Although not an investigative body, 32 C.F.R. § 723.2(b), the BCNR is required to review "all pertinent evidence of record" when it examines applications to correct naval records. Id. § 723.3(e)(1). Pertinent evidence includes factors mitigating against the decision that led to the record sought to be changed, such as "exceptional service." See, e.g., Filler v. Winter, 538 F. Supp. 2d 179, 184 (noting the BCNR's conclusion that an applicant's "many years of exceptional service mitigated his conduct" and thus militated in favor of changing records concerning the applicant's involuntary separation).
Plaintiff claims that the BCNR failed to consider that he "was/is an outstanding marine" and that "[h]is career in the Marine Corps was exemplary." Compl. at 3. Defendants dismiss these averments as merely Plaintiff's "personal opinions and/or conclusions" that are "not legally sufficient" under Federal Rule of Civil Procedure 8(a)(2) to state an APA claim, Defs.' Mem. at 17, but Defendants confuse the issue. It does not matter whether Plaintiff is or was, as a matter of fact as opposed to opinion, an excellent marine; what matters is whether the BCNR considered evidence of that excellence, if presented, when deciding whether to change Plaintiff's records.
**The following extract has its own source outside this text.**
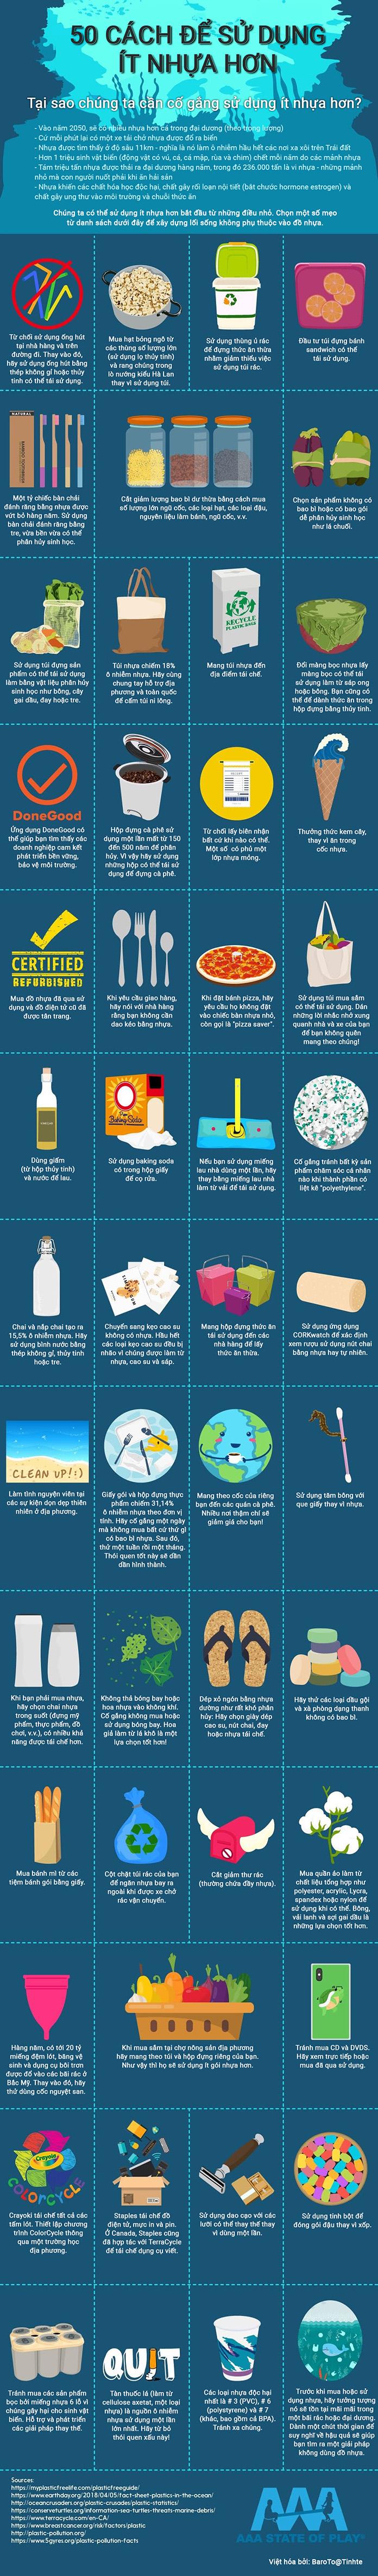 Rác thải nhựa đang là vấn đề nóng hơn bao giờ hết. Đặc biệt trong ngành thực phẩm của chúng ta. Việc hạn chế sử dụng đồ nhựa sẽ giúp

Under a liberal construction of Plaintiff's complaint, Plaintiff alleges that the BCNR failed to consider that evidence. Compl. at 3. Plaintiff also supports that allegation with specific facts allegedly overlooked, such as Plaintiff's promotions and receipt of "nothing but outstanding proficiency marks and exemplary fitness reports." Compl. at 2. If, as alleged, Defendants failed to consider this mitigating evidence, Defendants may have acted arbitrarily and capriciously. Plaintiff has, at this stage, alleged an APA claim upon which relief may be granted.*fn2
For the reasons set forth above, Defendants' motion to dismiss will be denied. A separate order consistent with this Memorandum Opinion shall issue this date.